I have a handful of TeleVideo terminals.  One of them - the 955 - has a
digital electronics board that's relatively easy to remove from the
rest of the terminal.

It has three EPROMS on it, and a 65SC802 CPU.  I pulled the ROMs and
dumped them.  It turned out that one of them held the bulk of the
terminal's code, one was for user-supplied terminal firmware (and
there's an escape sequence, documented in the manual, for calling said
user-supplied firmware - though no doco on the interface specs needed
to actually write said firmware), and the third was character bitmaps.

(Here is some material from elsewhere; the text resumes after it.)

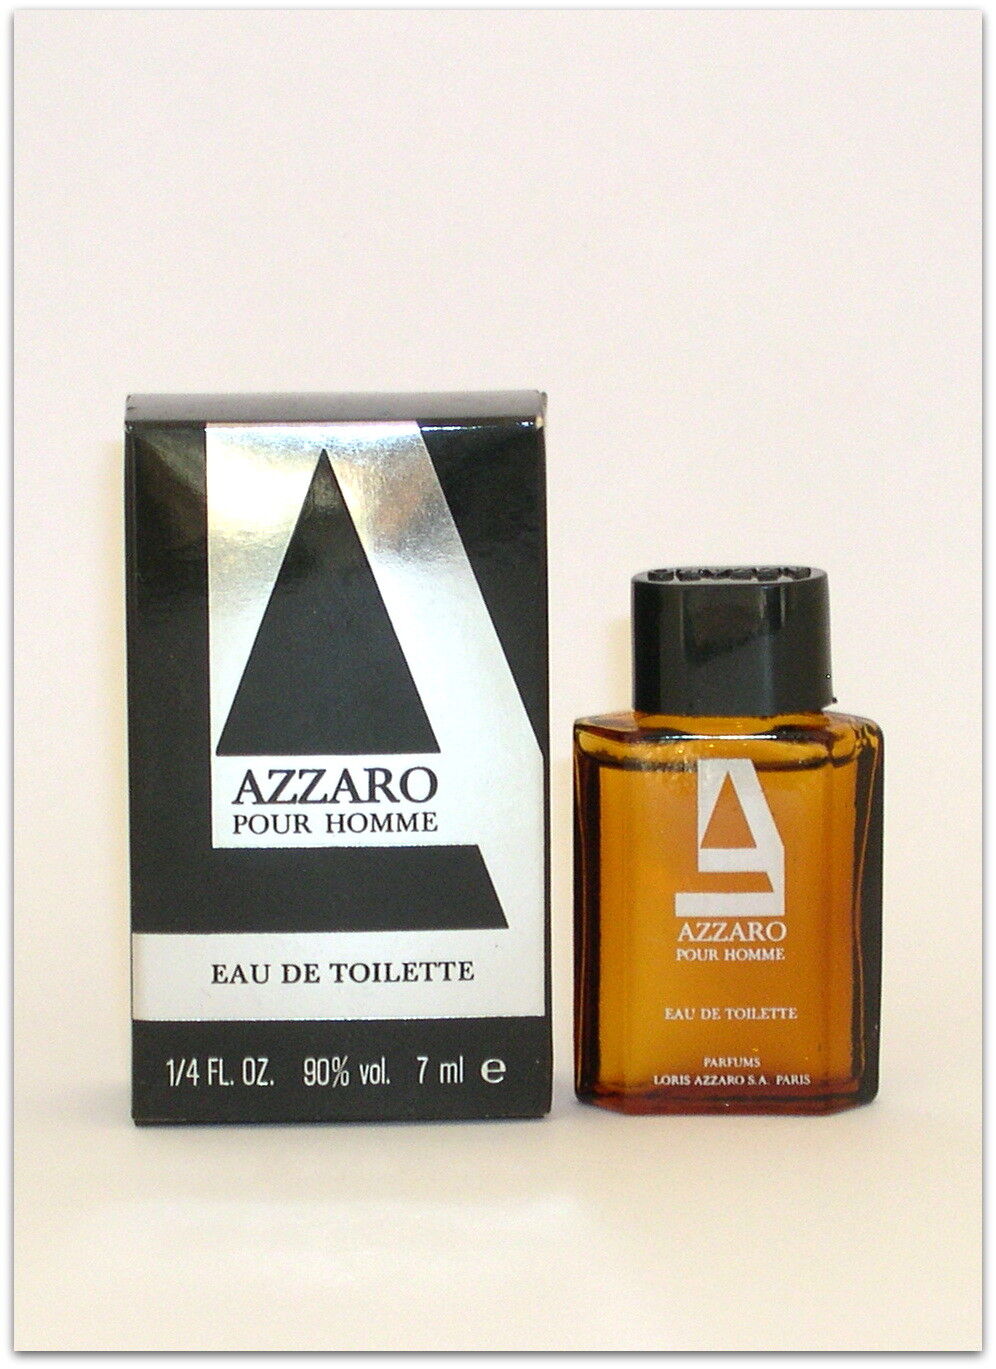 Azzaro Men's Eau de toilette 7 ml. 1/4 fl oz mini perfume for collection.
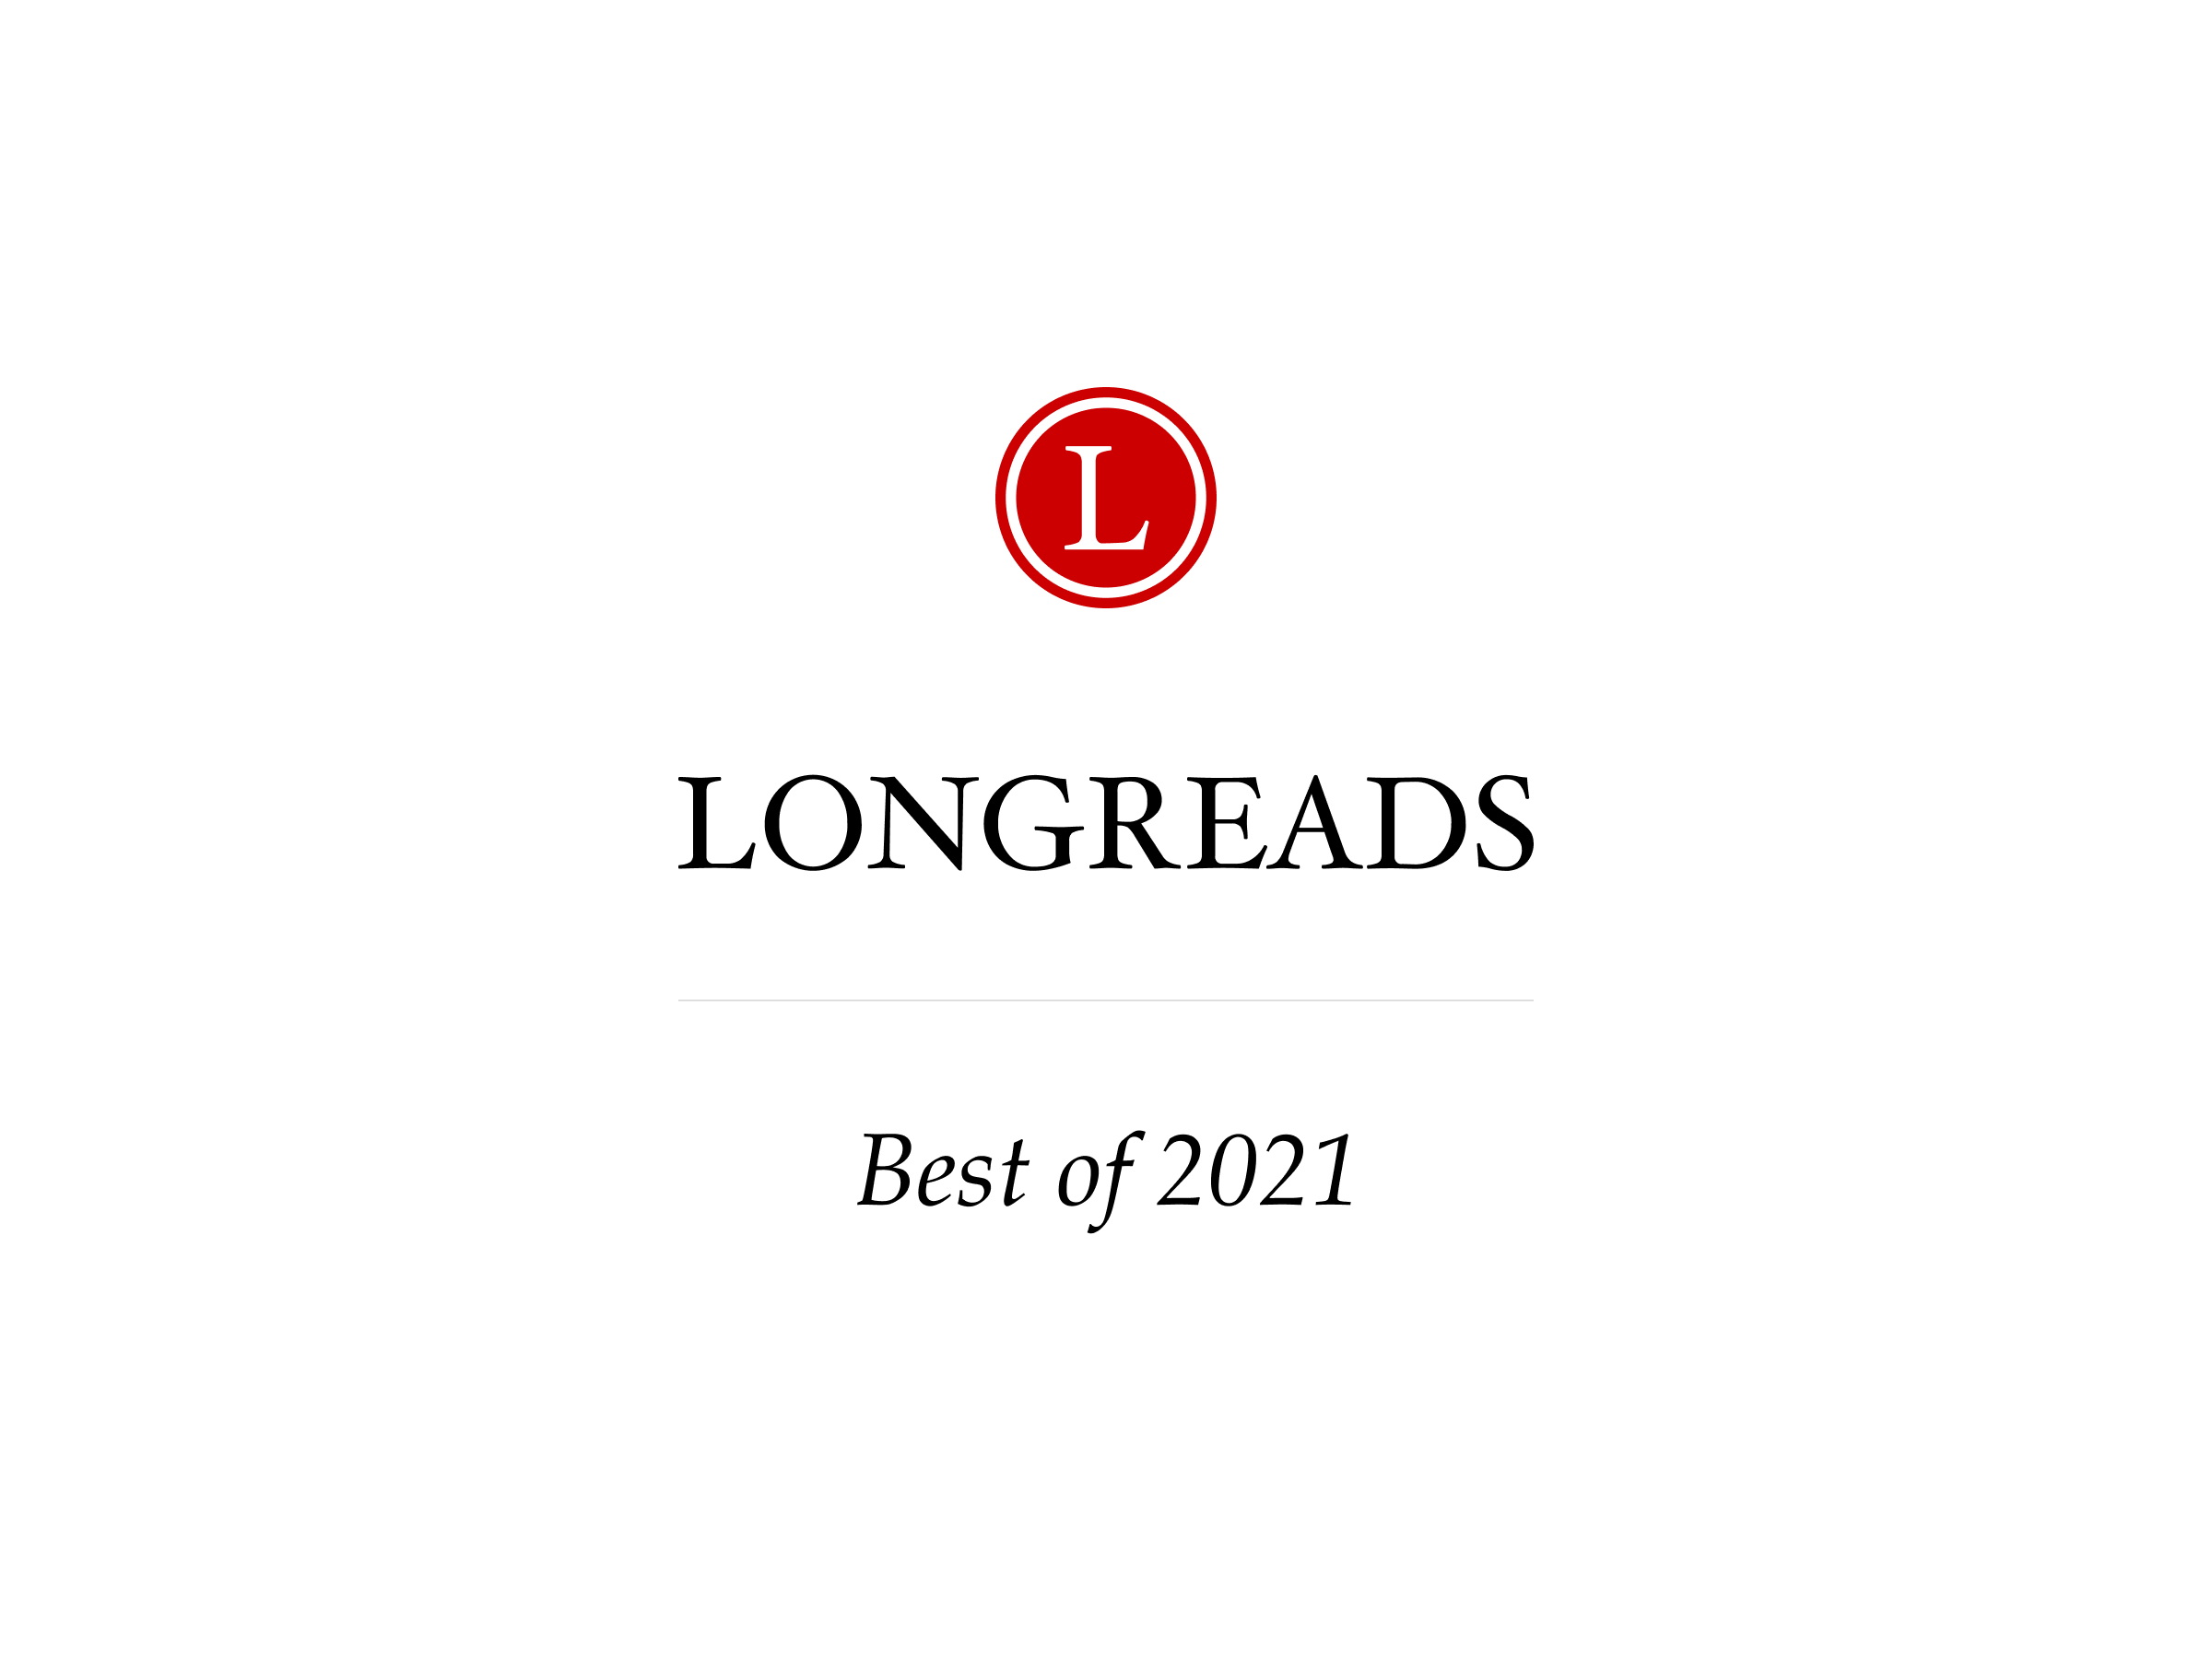 Longreads Best of 2021 Project

I meddled.  I replaced the character bitmaps to give the terminal an
8859-1 font rather than the not-quite-8859-1 font it had before, and
also clean up some aesthetic issues with characters I wasn't otherwise
messing with.  I also pored over the firmware enough to figure some of
the hardware interfaces out and built code for the user firmware
socket; I then had a video game that ran entirely in the terminal.  (It
wasn't a particularly interesting video game; it was a slight variant
of worm(6).  It was mainly proof-of-concept.  It drew razzing from a
friend about when I was going to have NetBSD/tvi955 working.)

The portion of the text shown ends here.